━━━ Data for this task

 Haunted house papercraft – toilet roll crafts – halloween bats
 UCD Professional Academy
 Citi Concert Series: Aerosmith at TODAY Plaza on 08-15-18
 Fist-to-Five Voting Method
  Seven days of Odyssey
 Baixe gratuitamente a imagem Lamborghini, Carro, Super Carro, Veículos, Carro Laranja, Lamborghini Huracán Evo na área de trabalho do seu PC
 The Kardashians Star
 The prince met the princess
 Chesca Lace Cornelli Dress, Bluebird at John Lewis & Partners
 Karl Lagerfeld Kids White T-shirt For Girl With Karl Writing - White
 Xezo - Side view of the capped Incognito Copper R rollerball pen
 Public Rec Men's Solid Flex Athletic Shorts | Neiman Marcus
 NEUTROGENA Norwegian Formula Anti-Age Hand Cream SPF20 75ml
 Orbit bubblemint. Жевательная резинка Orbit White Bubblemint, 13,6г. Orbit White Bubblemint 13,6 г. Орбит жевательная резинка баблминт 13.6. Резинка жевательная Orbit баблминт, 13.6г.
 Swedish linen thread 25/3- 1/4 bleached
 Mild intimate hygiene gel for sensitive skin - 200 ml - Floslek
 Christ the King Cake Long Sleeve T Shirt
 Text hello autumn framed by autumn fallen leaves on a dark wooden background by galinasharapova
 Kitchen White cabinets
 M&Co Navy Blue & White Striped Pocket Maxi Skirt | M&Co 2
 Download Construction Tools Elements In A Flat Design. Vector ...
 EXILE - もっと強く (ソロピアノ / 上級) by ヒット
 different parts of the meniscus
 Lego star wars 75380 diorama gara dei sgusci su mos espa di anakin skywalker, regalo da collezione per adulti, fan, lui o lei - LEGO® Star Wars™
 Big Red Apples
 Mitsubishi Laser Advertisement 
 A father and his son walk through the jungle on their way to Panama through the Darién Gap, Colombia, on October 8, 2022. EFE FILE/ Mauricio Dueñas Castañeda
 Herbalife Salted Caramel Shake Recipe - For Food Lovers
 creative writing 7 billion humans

━━━━━━

Try it:
Above are the entries; repeat their lines exactly, from the first through the one that contains "Seven days of Odyssey".

Result:
 Haunted house papercraft – toilet roll crafts – halloween bats
 UCD Professional Academy
 Citi Concert Series: Aerosmith at TODAY Plaza on 08-15-18
 Fist-to-Five Voting Method
  Seven days of Odyssey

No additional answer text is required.